Ecology, Economics, and Spirituality

Before I get started, I’d like to express my deep gratitude to CK for giving my thoughts this wonderful venue.  His blog is superb, its readers are among my very favorite commenters on the Web, and the topic he wants to discuss is fascinating.  So, onward!

I loved CK’s recent post on ecologism (defined, perhaps, as “the position that the non-human world is worthy of moral consideration, and that this should be taken into account in social, economic, and political systems”).  Especially interesting is his claim that pro-market forces are right to be scared of carbon taxes because their rationale seems to logically point to self-totalized industrial policy.  It reminds me a lot of (right-libertarian) Walter Block’s article in which he argues that everything (including the decision to wear socks) can be characterized as an externality, and therefore there’s no inherent limiting principle to externality-based arguments for regulation:

There are any number of external economies, neighborhood effects, spill-overs, benefits to third parties, which  flow from the purchase and use  of supposedly private  goods. Take,  for example, the paradigm case of a private good, socks. First, there is a health question.  People who do not wear socks are liable to colds, sore feet, blisters,  and possibly pneumonia. And sickness means lost days of work and lost production; it means possible contagion (as in the diphtheria case); it may result in rising doctor bills and increased health insurance premiums for other policyholders. Increased demand for doctors’ time and energy will result in reduced medical attention for others. There is, in addition, an aesthetic problem: many people take umbrage at socklessness. Restaurants often forbid  bare feet, presumably in the interests of retaining their more sensitive customers. Not wearing socks is also interpreted by some as a  disturbing political statement, like flag or draft-card burning. Many mothers — a third party, if ever there was one — rejoice when their “hip” sons finally don footwear.

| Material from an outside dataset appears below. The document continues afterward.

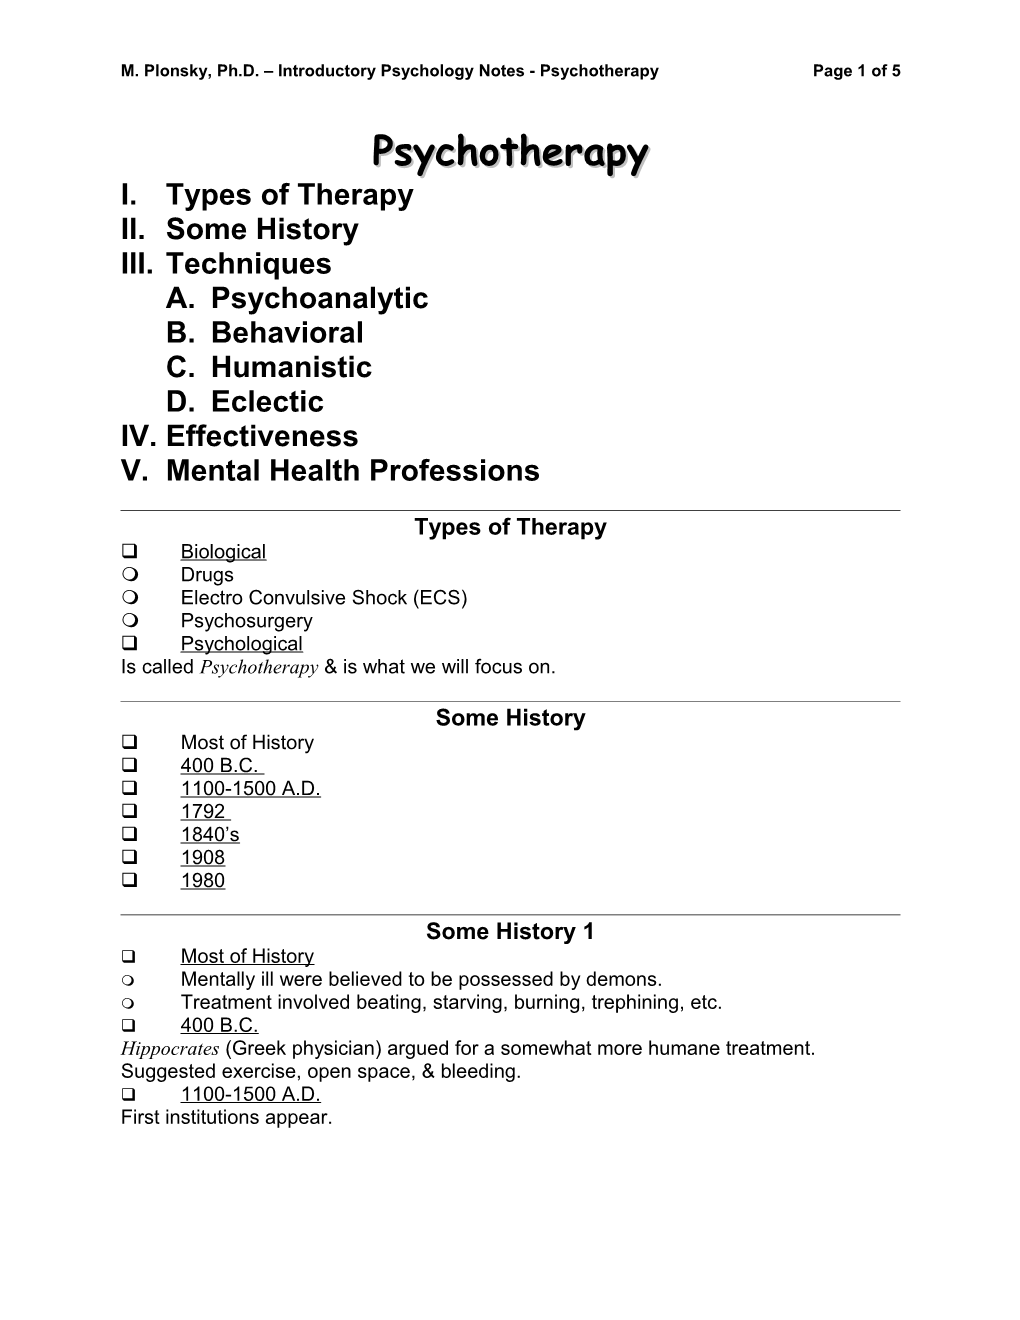 M. Plonsky, Ph.D. Introductory Psychology Notes - Psychotherapypage 1 of 5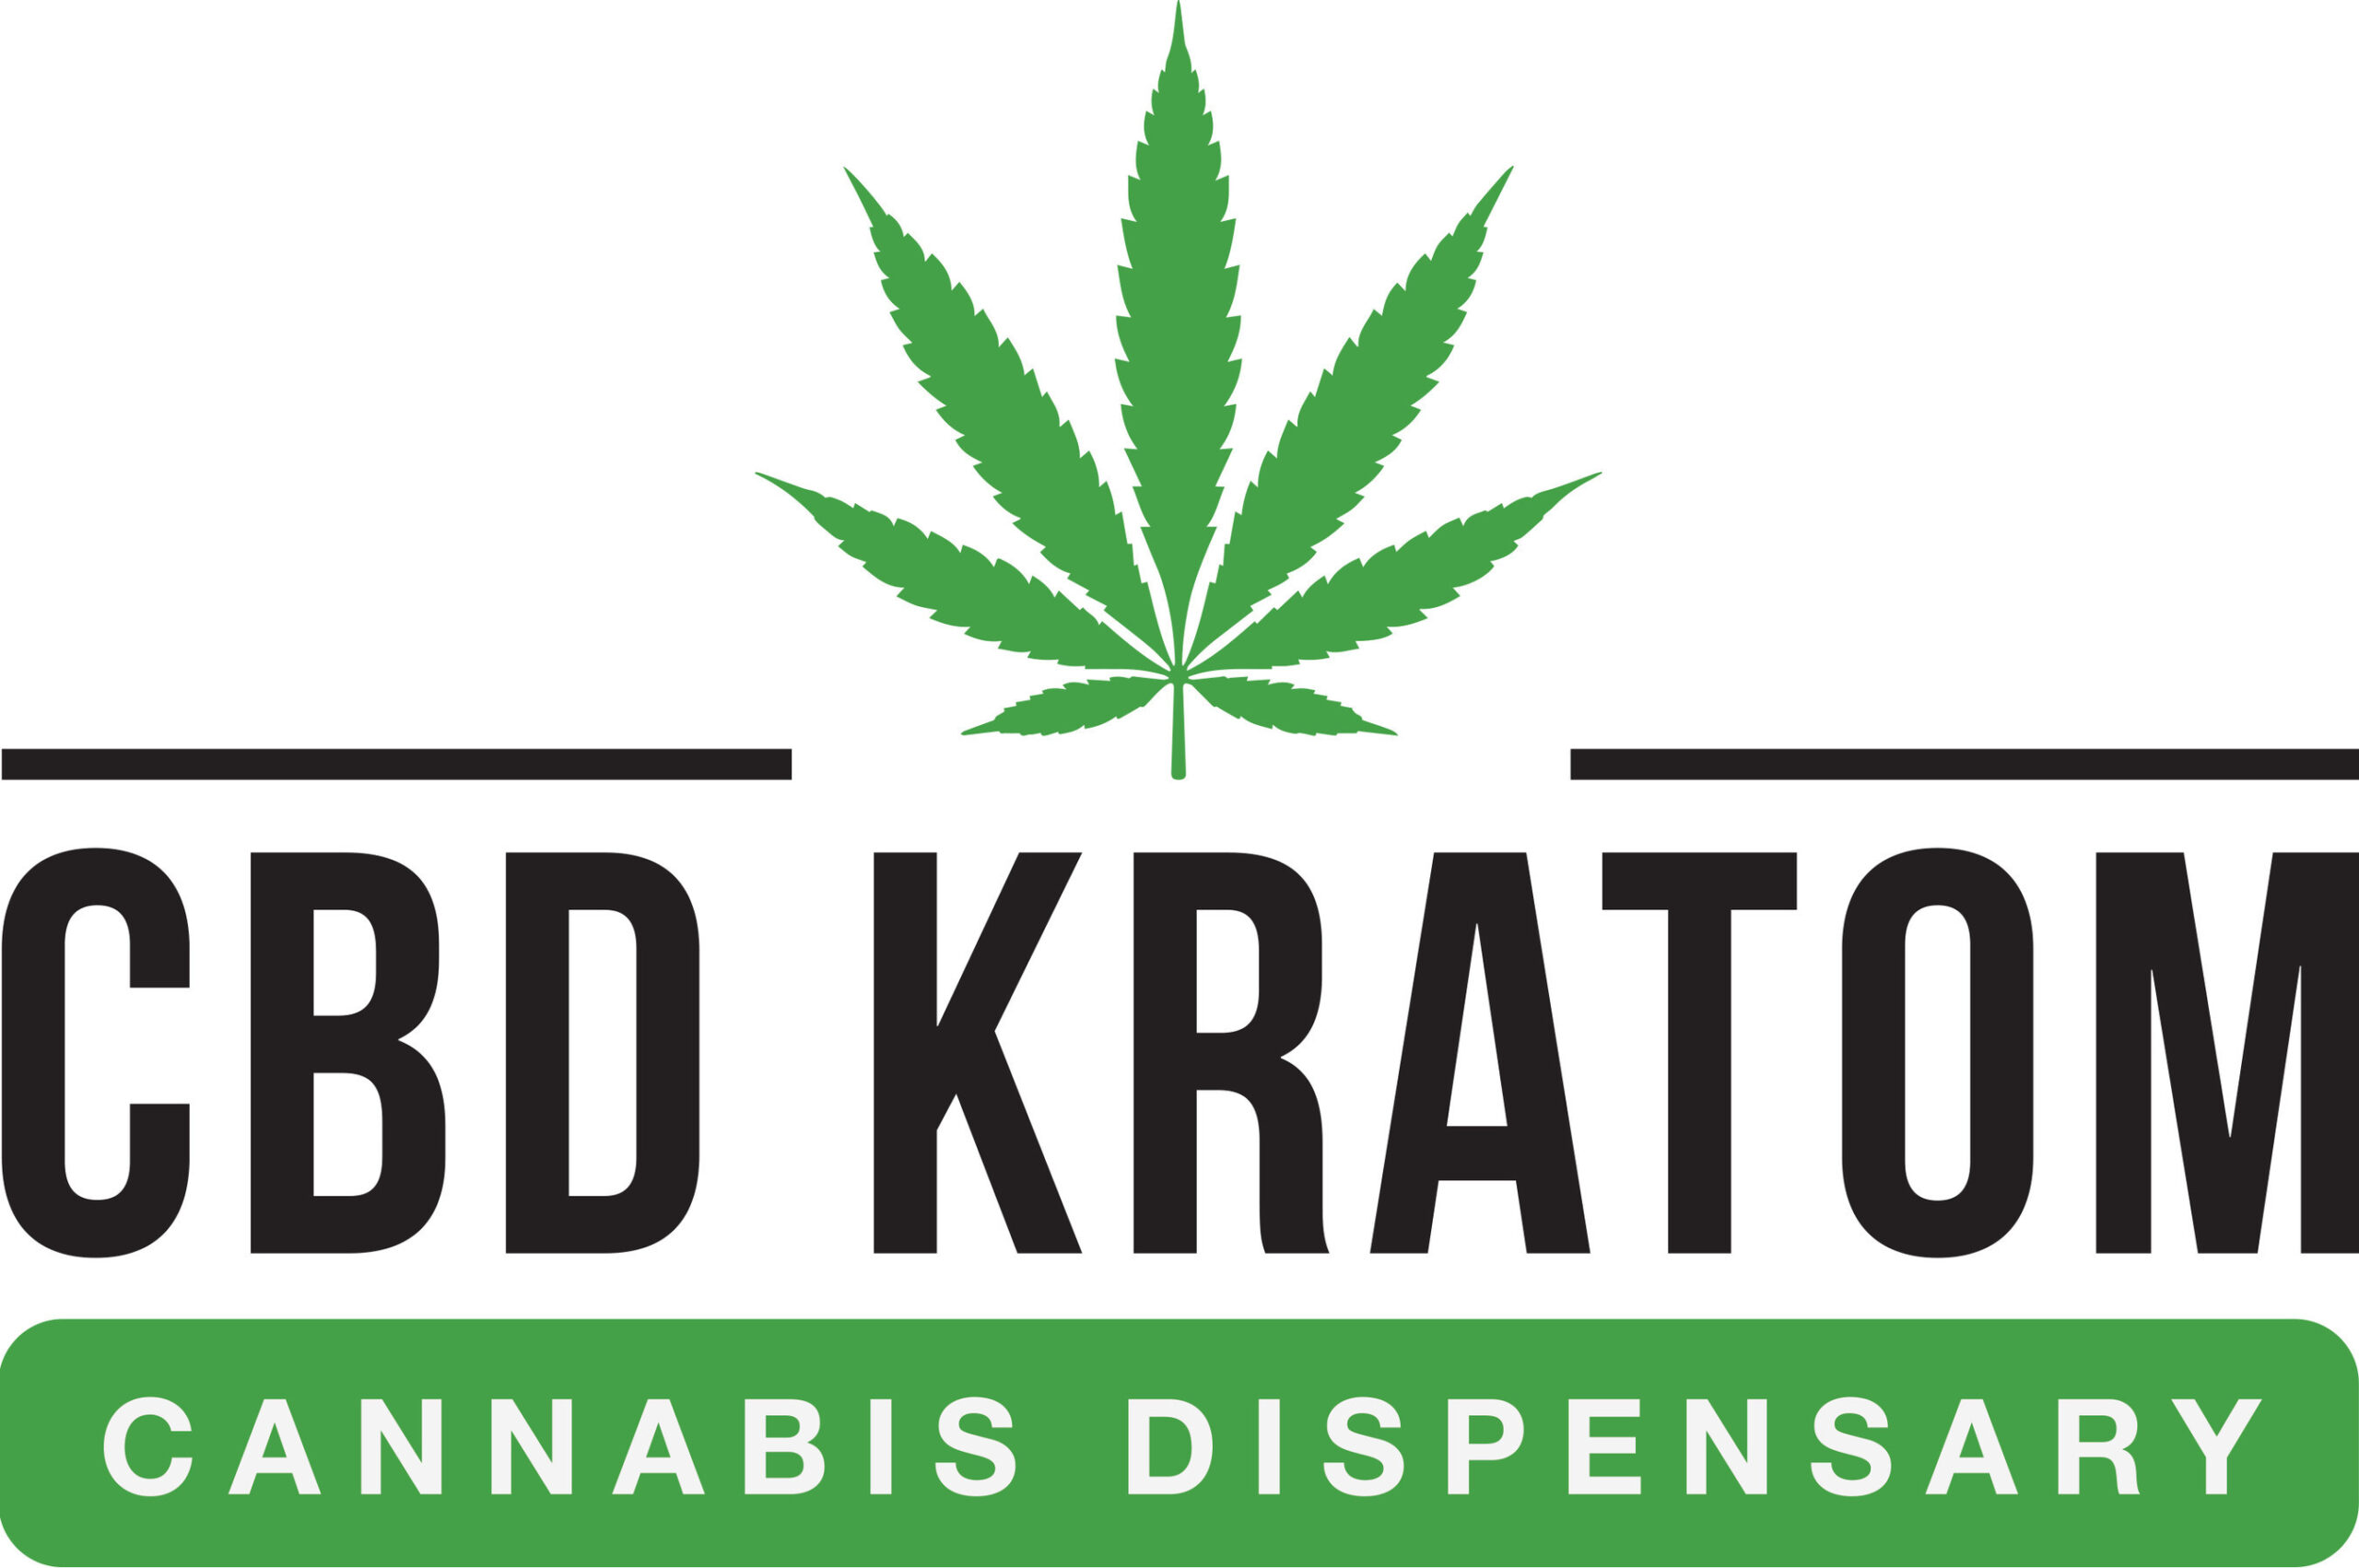 CBD Kratom Cannabis Dispensary Logo With Black Text on White Background And Green Marijuana Leaf

That benefits of sock-wearing “spill  over” to these mothers cannot be denied.

The problem is by no means limited to the socks example, for all so-called private goods affect second or third parties in some way. The reader is challenged to think of any item the use and purchase of which is not affected with a public interest, i.e., which  does not similarly have spill-over effects on other people.

I think there’s something to Block’s argument that orthodox market liberals are inconsistent on this measure, as I don’t see how they can draw a hard conceptual distinction between carbon permits and more intrusive environmental measures.  However, I also think Block should have extended his insight further by reasoning that if everything can be considered an externality, then there are no entirely self-regarding actions in the first place, and this therefore undermines a main libertarian justification of using violence to defend property rights.  It seems communitarians (including many conservatives) are more perceptive than the libertarians on this score.

Perhaps the more important take-away from ecologism and Walter Block is that the Western conception of the self (or at least the Anglo-world conception) is impoverished.  This isn’t news to anyone who’s ever had a Buddhism kick in high school, but I think it maps well to the “problem of ecologism,” which might be properly conceived as a non-theistic form of spirituality.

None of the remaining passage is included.